In many cellular processes such as migration, mitosis, and synaptogenesis, cell-surface molecules reorganize over micron length scales to form spatial patterns correlated with specific cellular outcomes (1,2). This phenomenon is particularly striking in the recognition of antigenic peptide by T cells, which entails the coordinated movement of T cell receptor (TCR) and other molecules, including the integrin lymphocyte function-associated antigen-1 (LFA-1) (3–5). During T cell activation, TCRs engage their ligand, major histocompatibility complex II proteins displaying antigenic peptide (pMHC), whereas LFA-1 binds to intercellular adhesion molecule-1 (ICAM-1) (6). TCR/pMHC complexes nucleate the formation of microclusters containing TCR and an entourage of other costimulatory and signaling molecules including ZAP70, SLP76, and LAT (7,8). These kinase and adaptor molecules cotranslocate with TCR for at least some of the journey toward the cell center (8), and are thought to help stabilize microclusters through extensive protein-protein interactions (9,10). The mechanism of TCR translocation is not well understood, but it appears to be an active process dominated by cytoskeletal factors (3,11–14). The periphery of the immunological synapse is characterized by lamellipodial movement driven by actin polymerization (15,16). Retrograde actin flow is characteristic of lamellipodia, and radial lamellipodia are predicted to generate a centripetal flow of actin (17). T cell engagement and spreading, as well as microcluster formation and centripetal motion, require actin polymerization (7,13). The distribution of actin at the synapse is dynamic and actively regulated through a host of proteins downstream of TCR (12,18). Altered spatial organization of synaptic proteins directly affects downstream signaling, implying that spatial reorganization of the TCR and associated signaling molecules serve as an active regulatory mechanism (19–21).
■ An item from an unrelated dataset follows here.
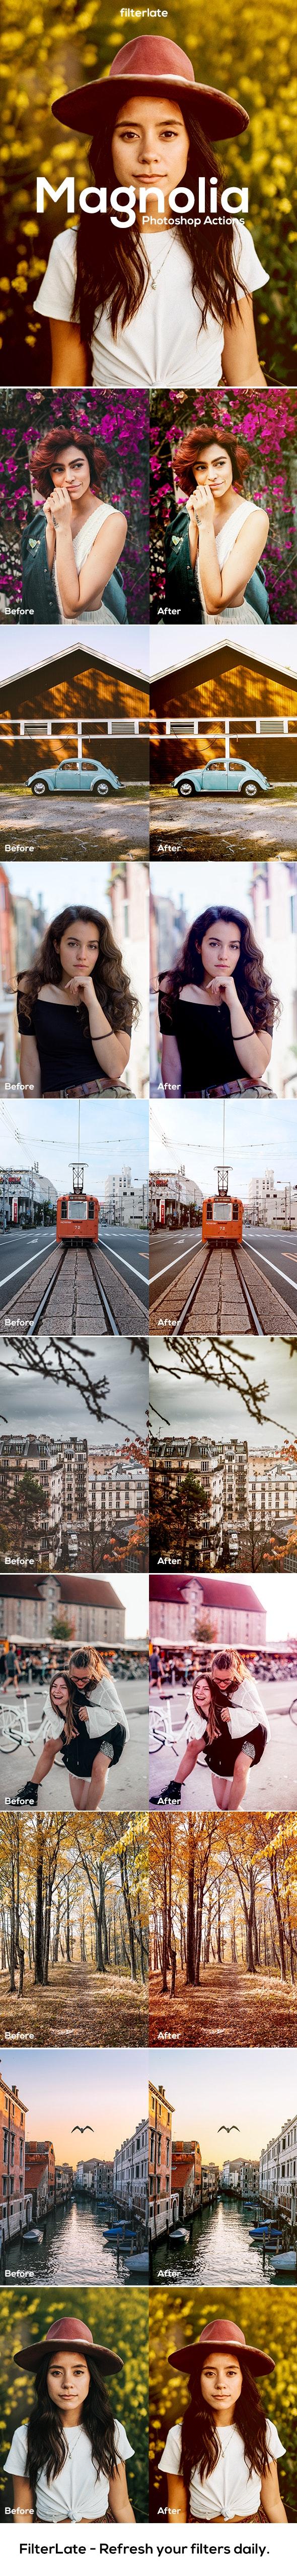 Magnolia Tones - Actions Photoshop
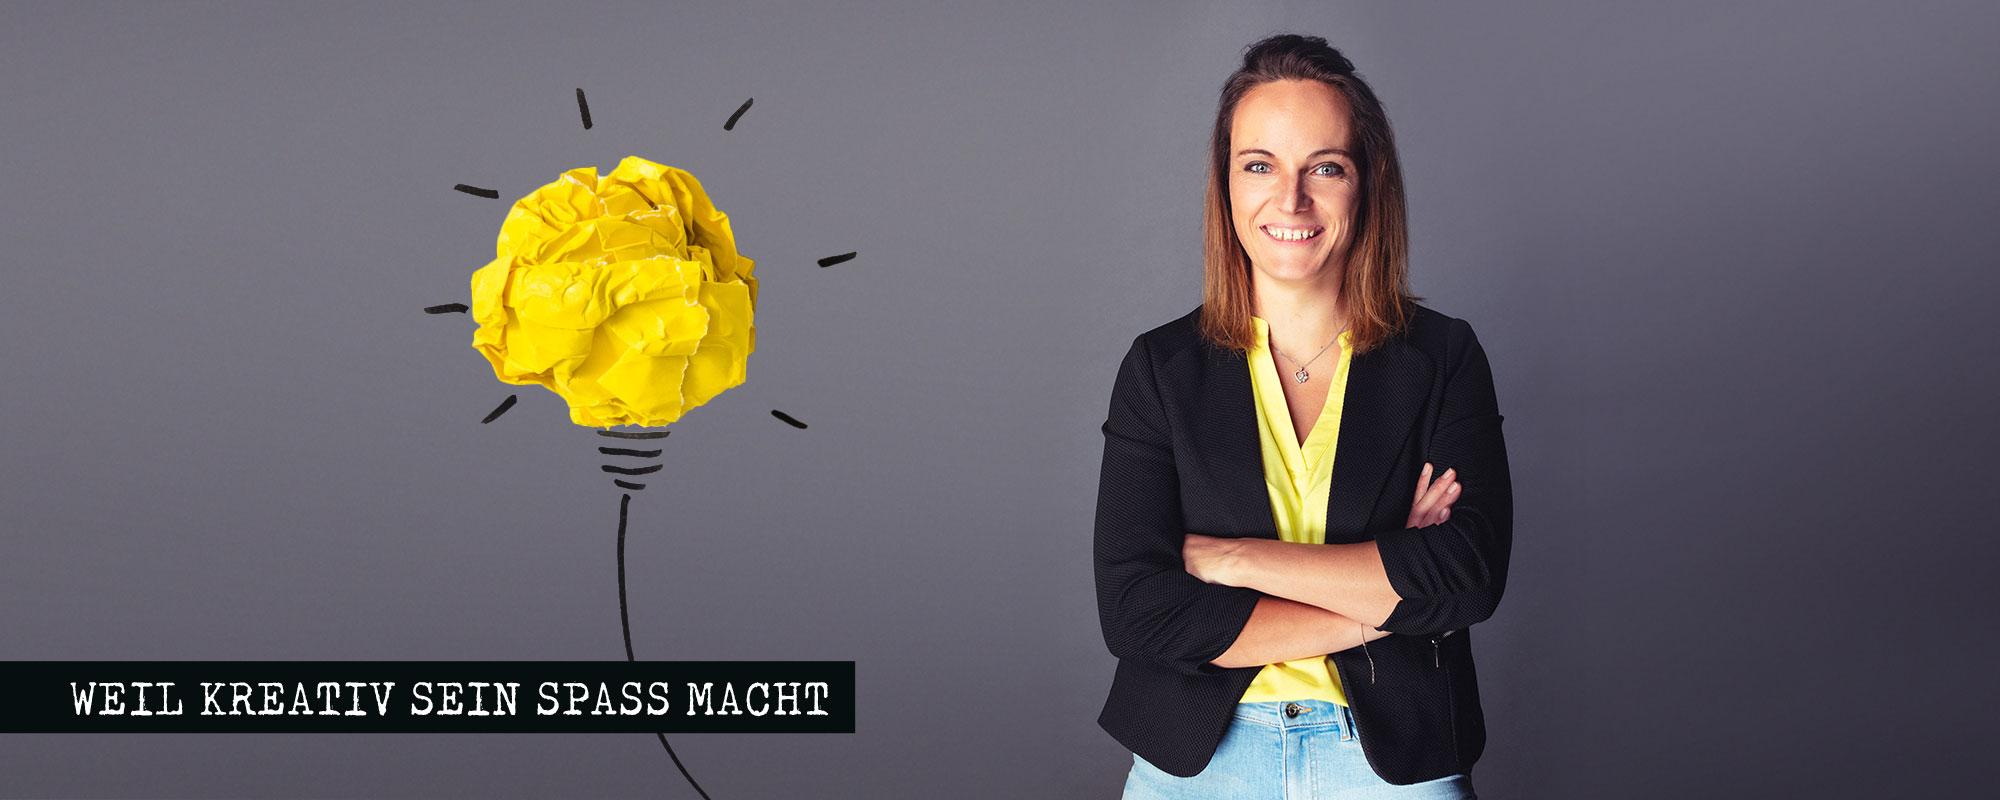 Anja Moser - Weil kreativ sein Spaß macht - Das Kreativbüro

Hybrid interfaces between live cells and engineered substrates facilitate both the manipulation and visualization of receptor movement on the cell surface (22–24). In hybrid experiments, cells interact with synthetic surfaces through cognate ligands that have been incorporated into a supported lipid membrane. Supported membranes are laterally fluid and thus allow these ligands, along with their corresponding receptors on the T cell surface, to move and assemble into active signaling complexes. Solid-state structures on the substrate can restrict this motion, and provide a means to redirect protein movement and assembly inside the living cell. Nonnative configurations impact signaling downstream of surface receptors. Importantly, substrate patterns influence the localization of signaling machinery within the cell solely through their interactions with receptors on the cell surface.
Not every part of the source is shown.